▼

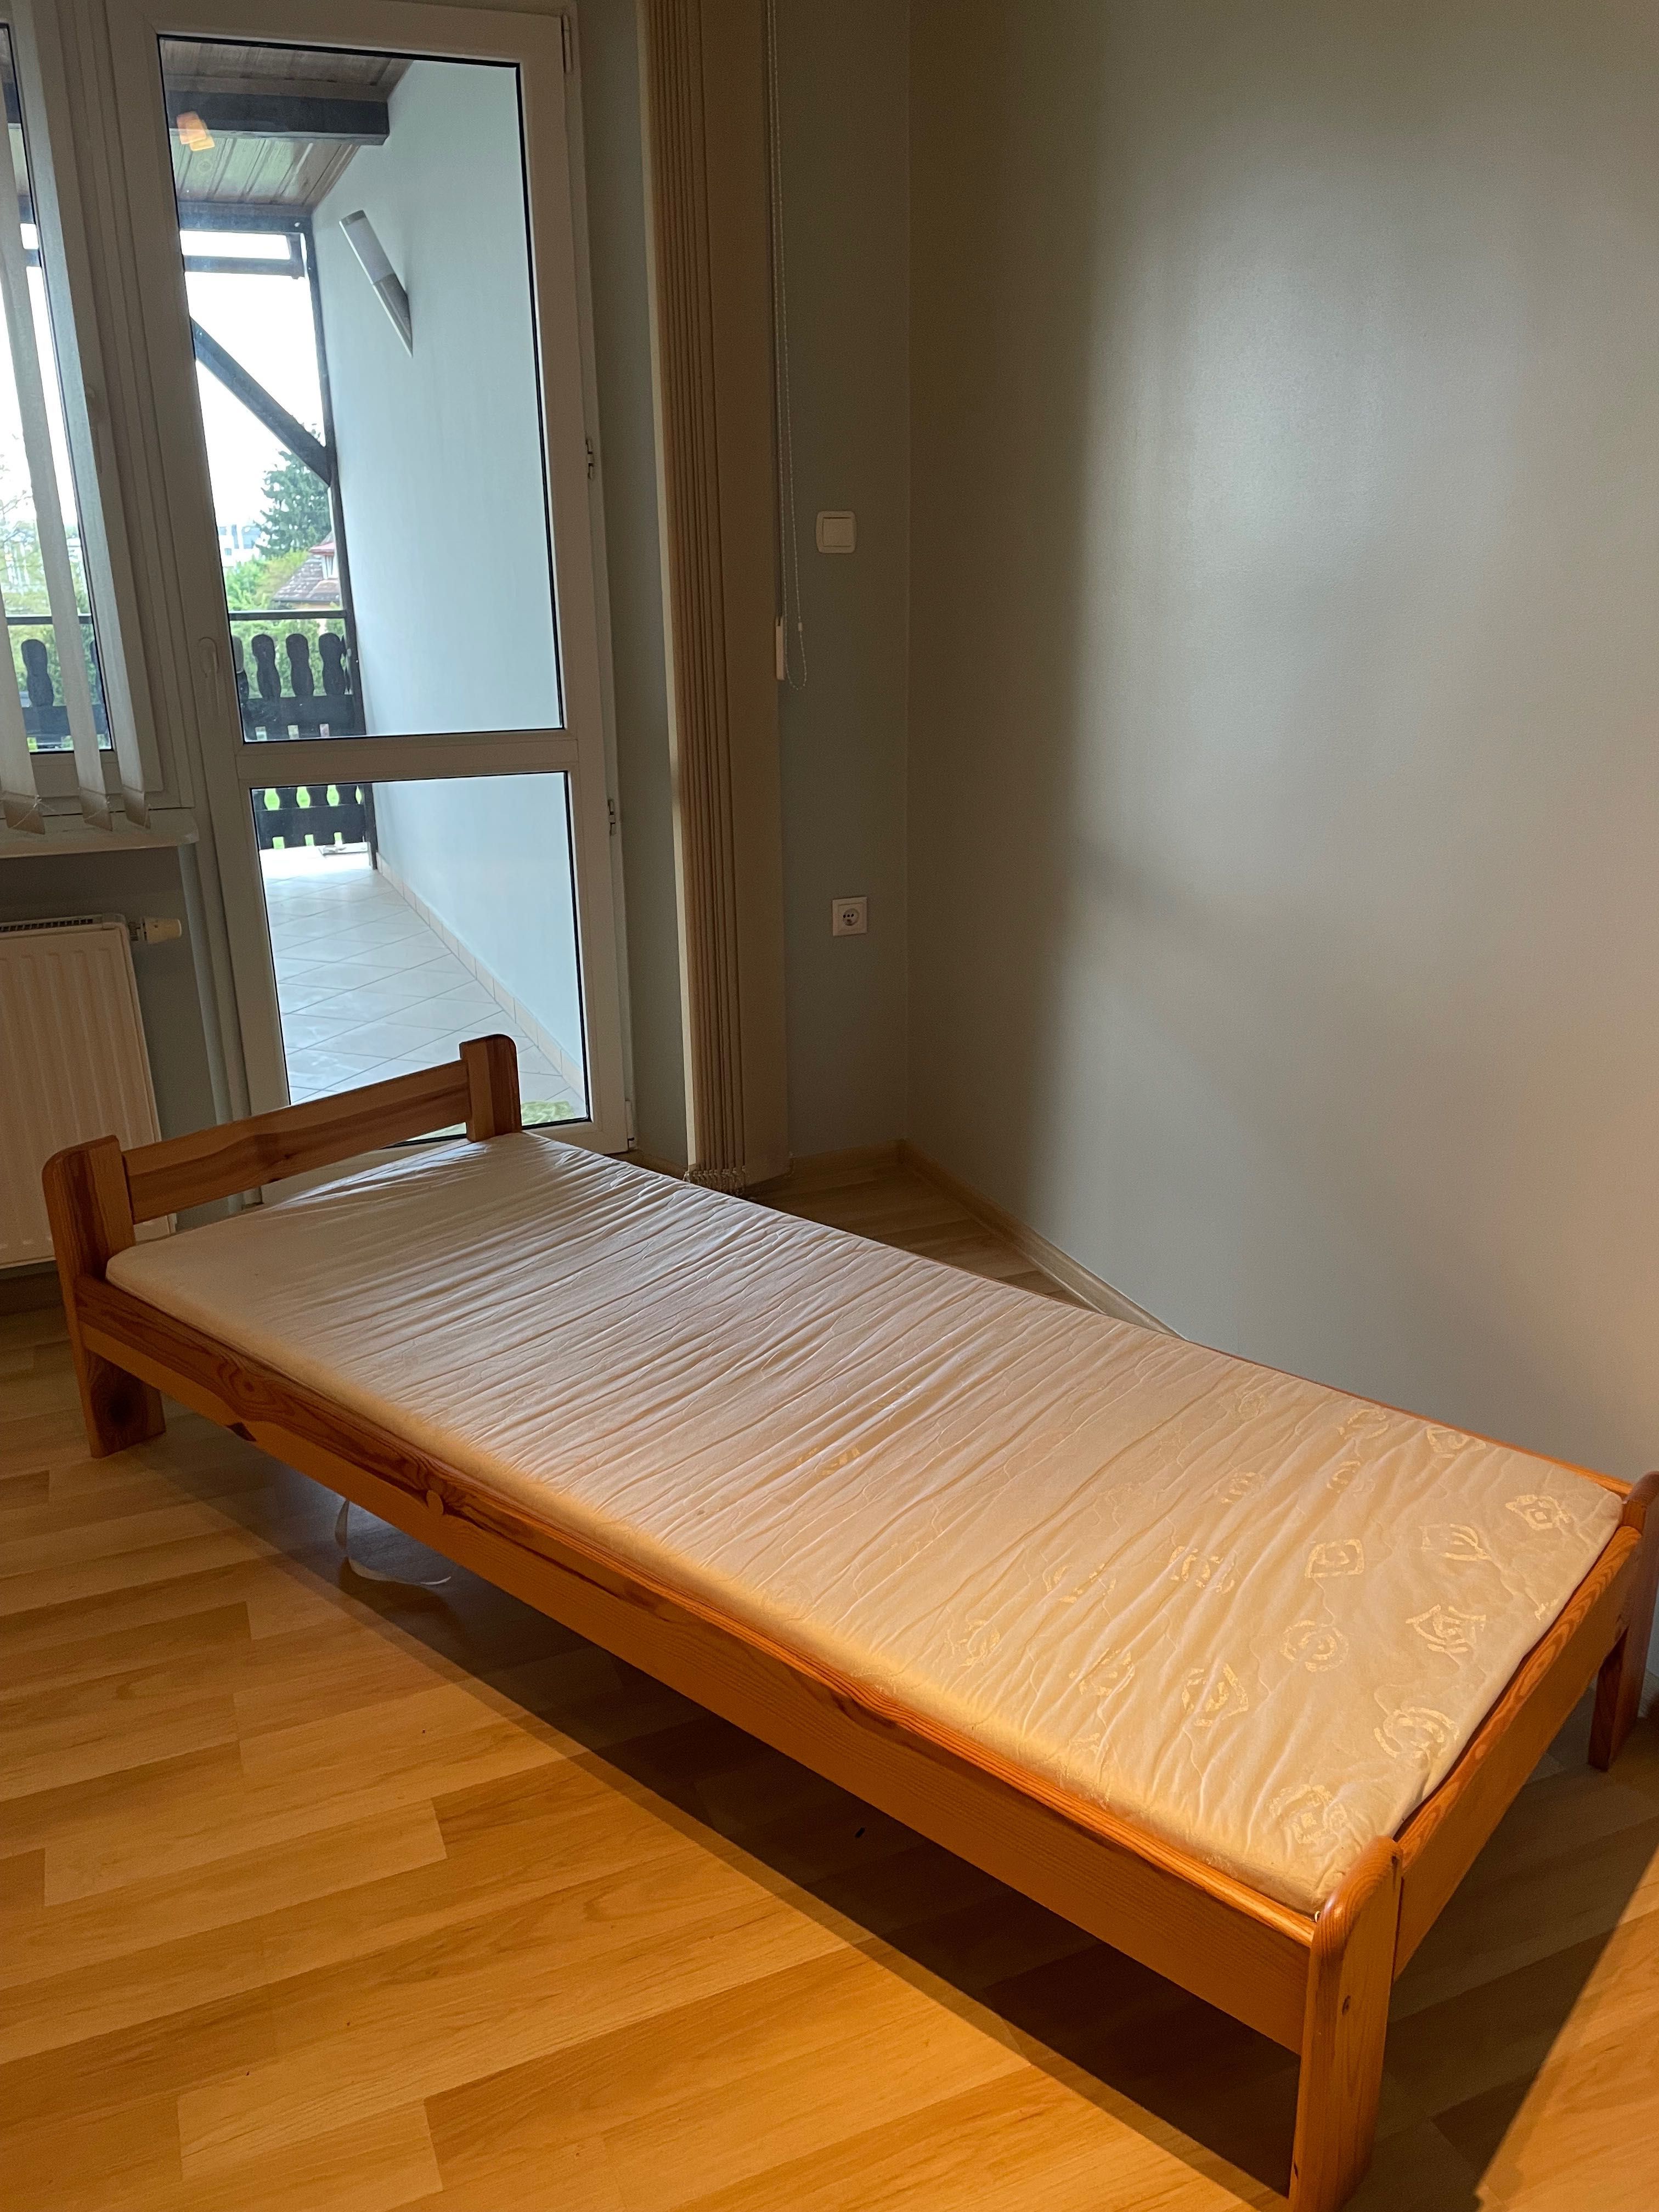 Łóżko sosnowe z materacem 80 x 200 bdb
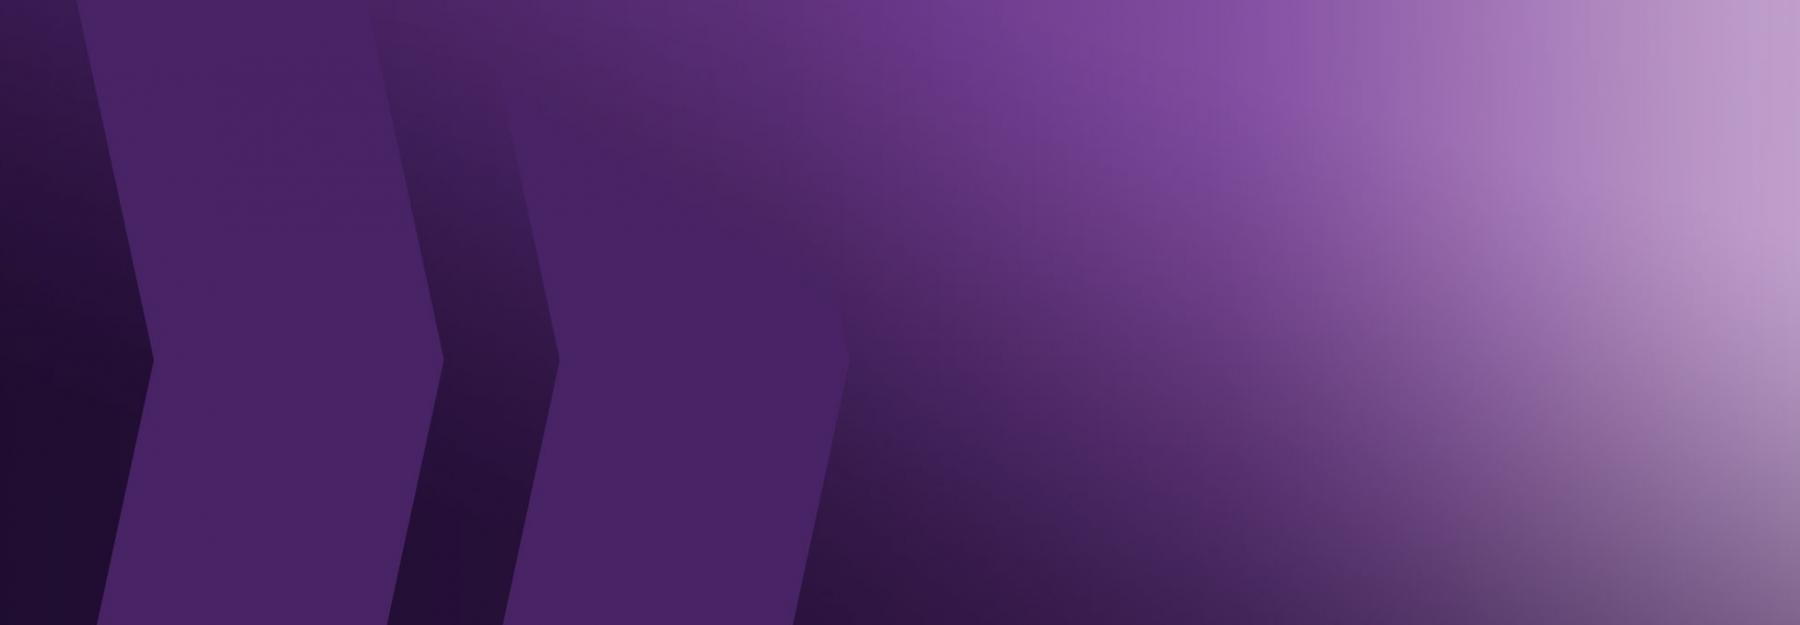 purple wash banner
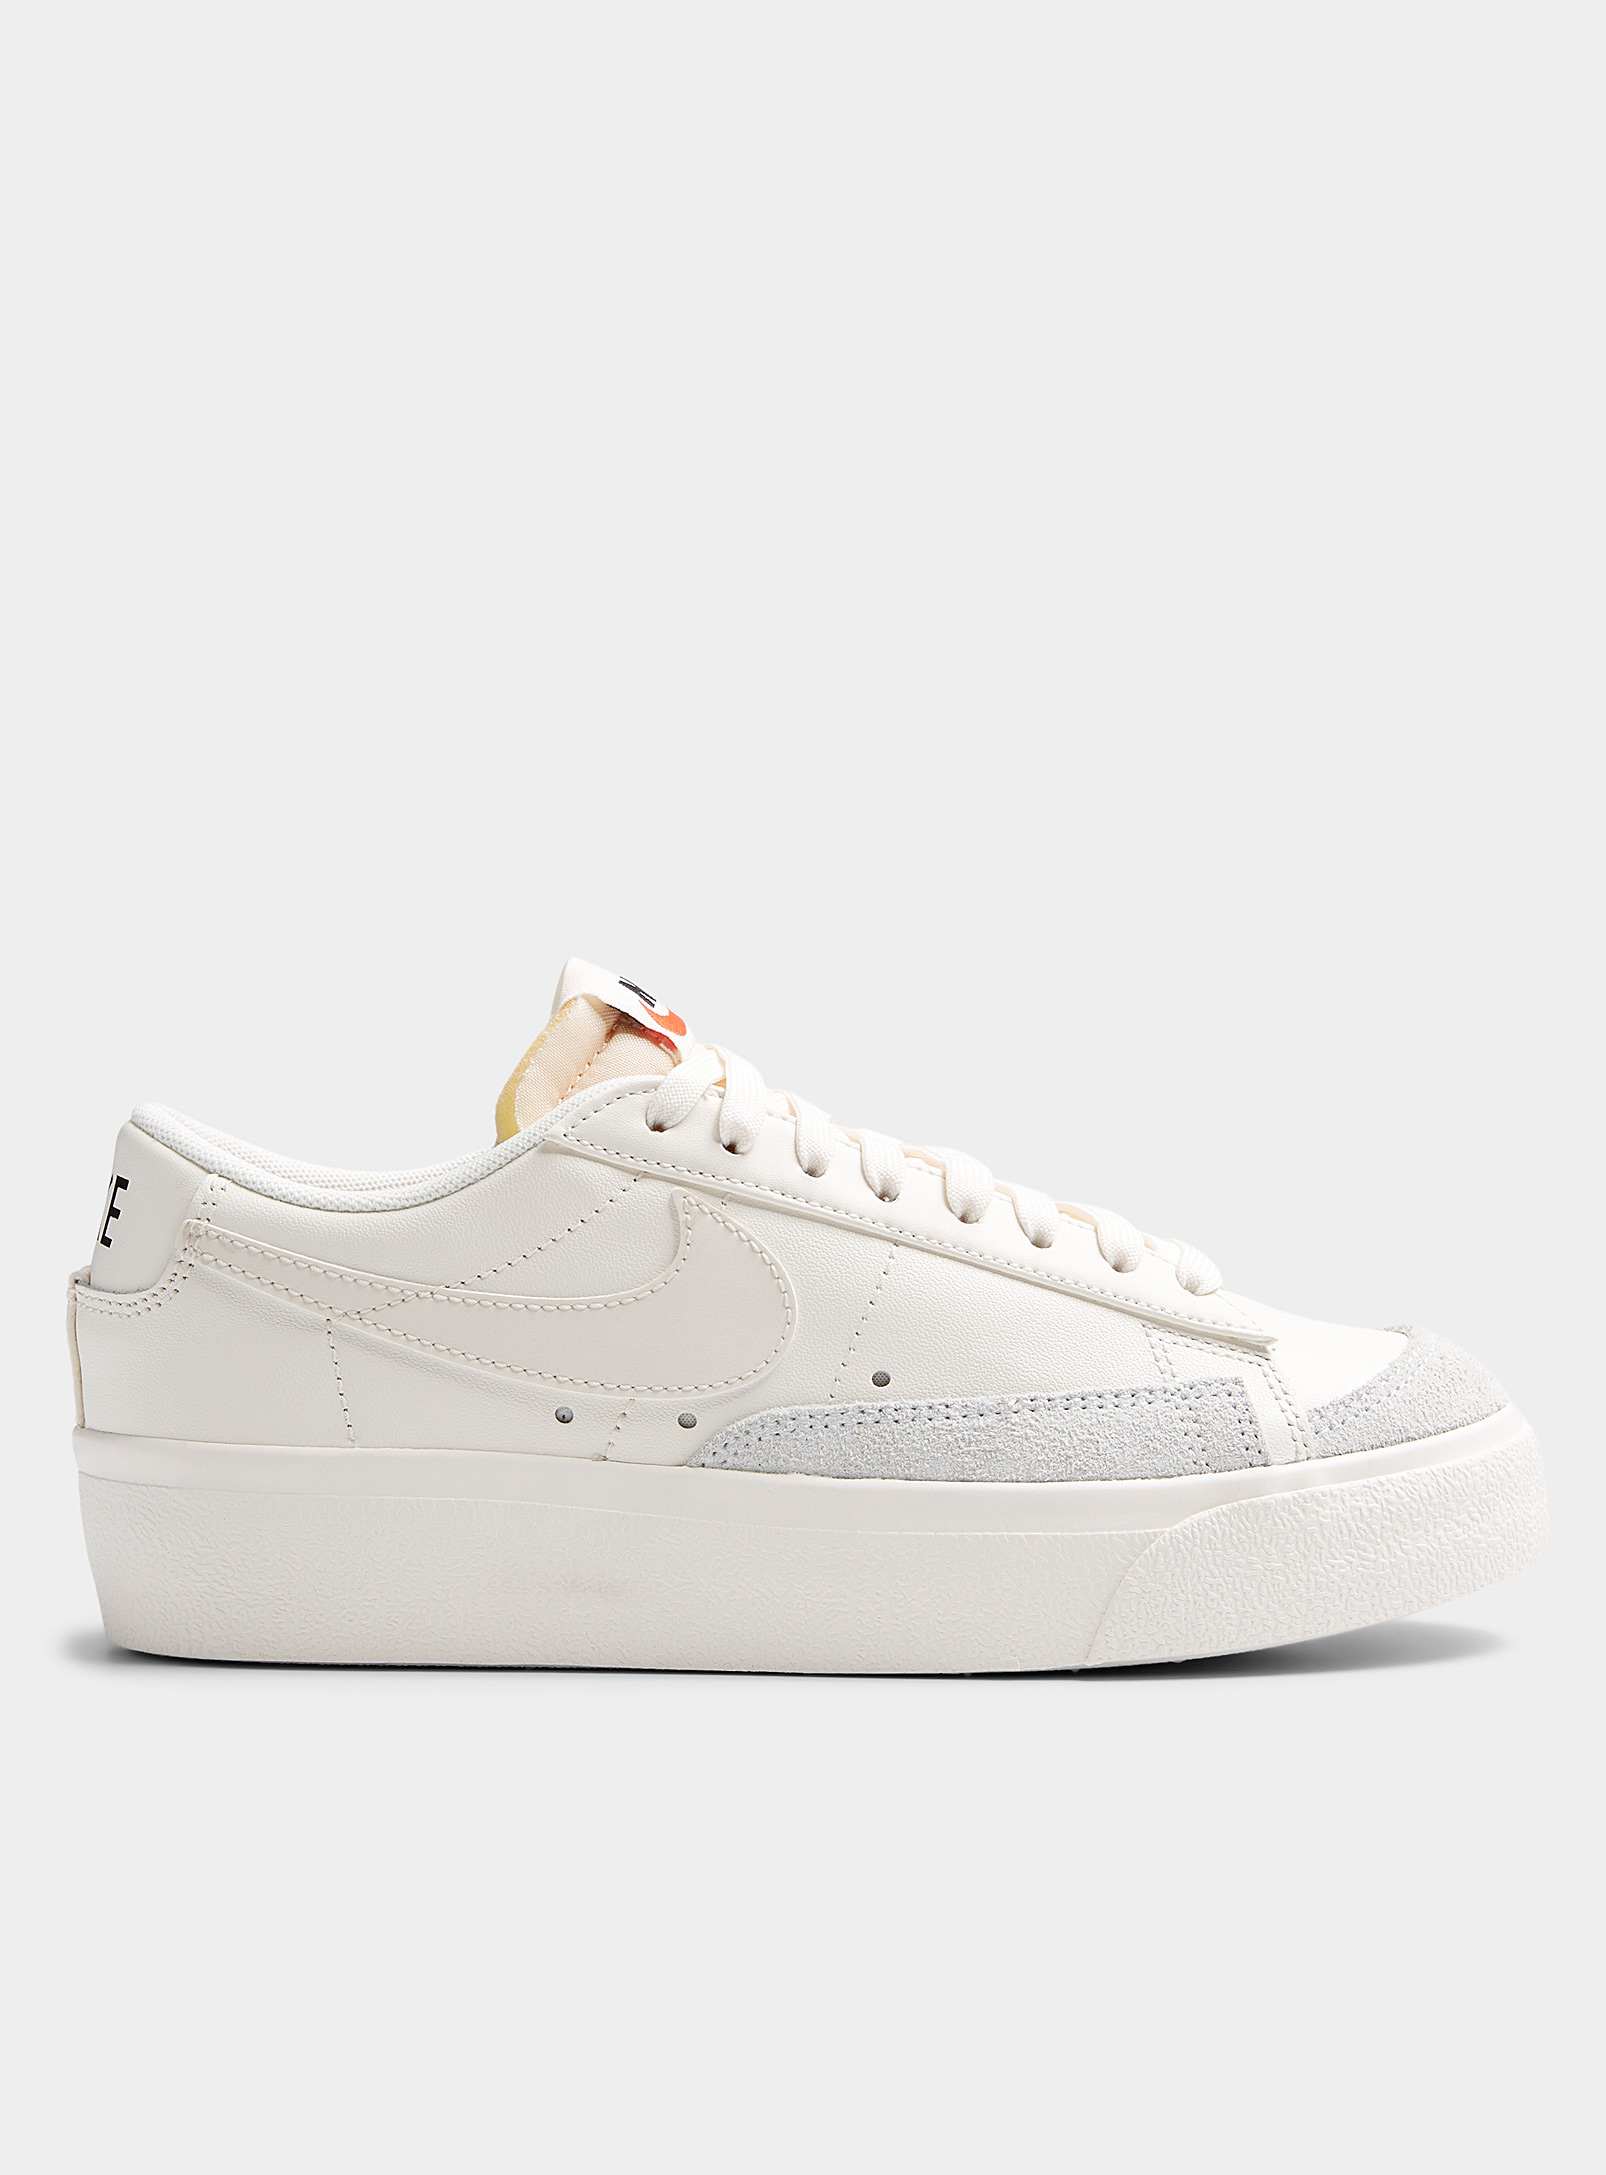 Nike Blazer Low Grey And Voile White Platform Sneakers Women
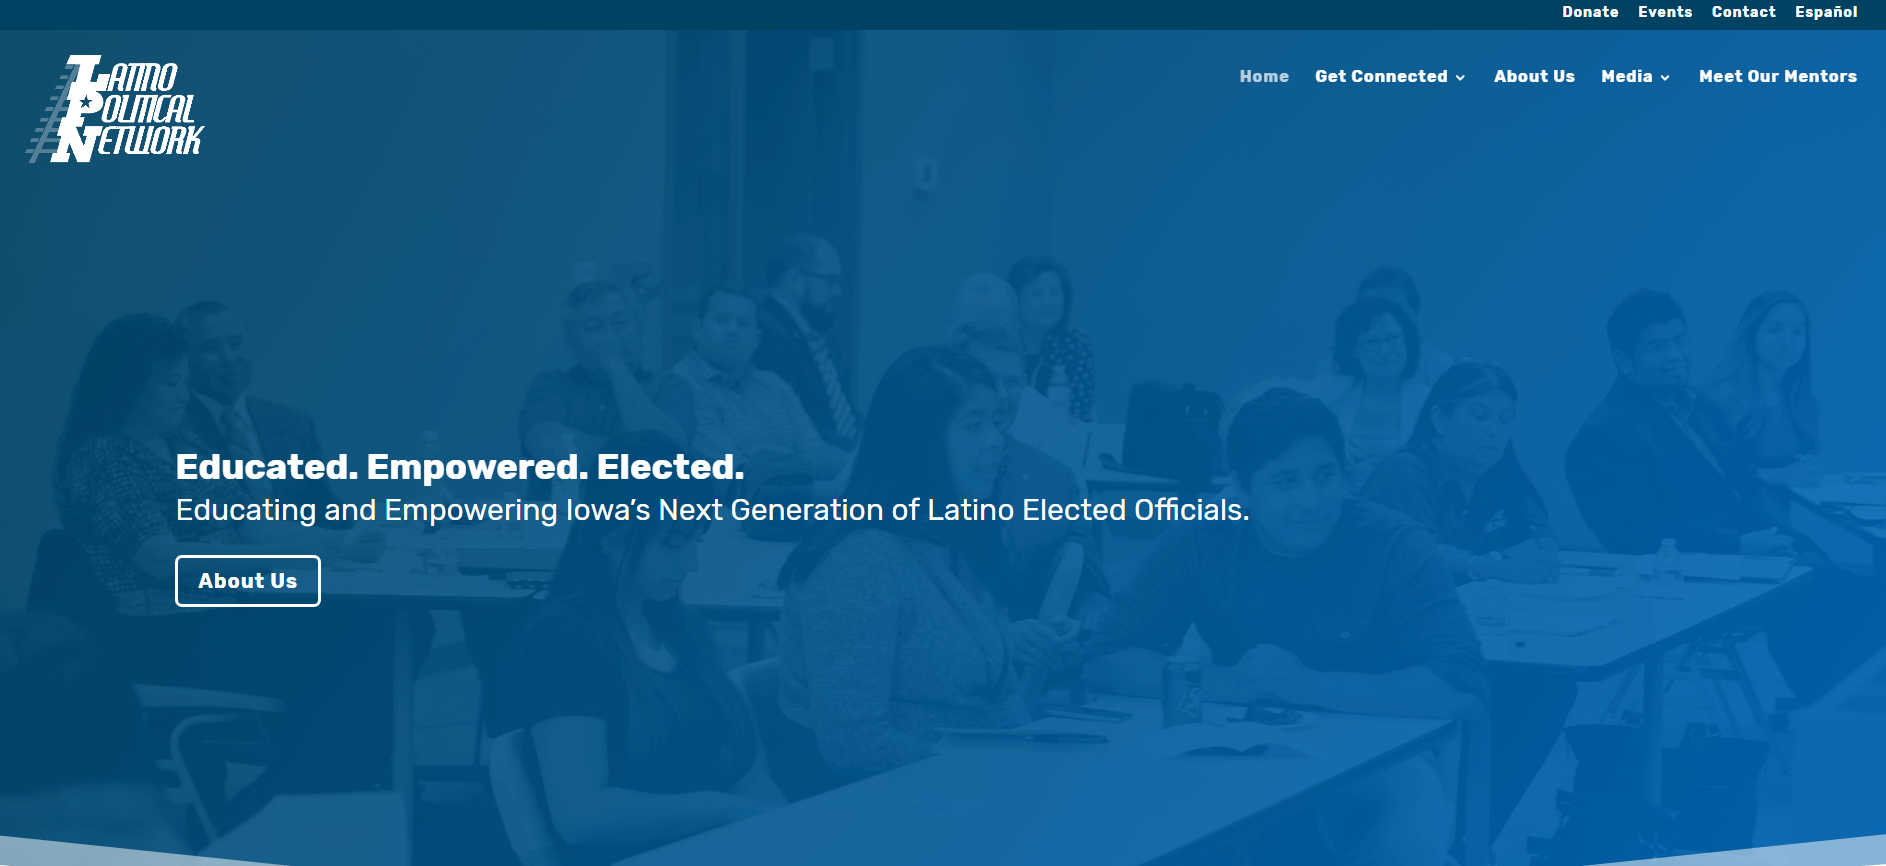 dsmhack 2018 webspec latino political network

▲

● **ABOUT THIS TASK**
Set down all the lines above exactly as they appear, with no pictures.

● **REPLY TO THE TASK**
 Łóżko sosnowe z materacem 80 x 200 bdb
 purple wash banner
 Nike Blazer Low Grey And Voile White Platform Sneakers Women
 dsmhack 2018 webspec latino political network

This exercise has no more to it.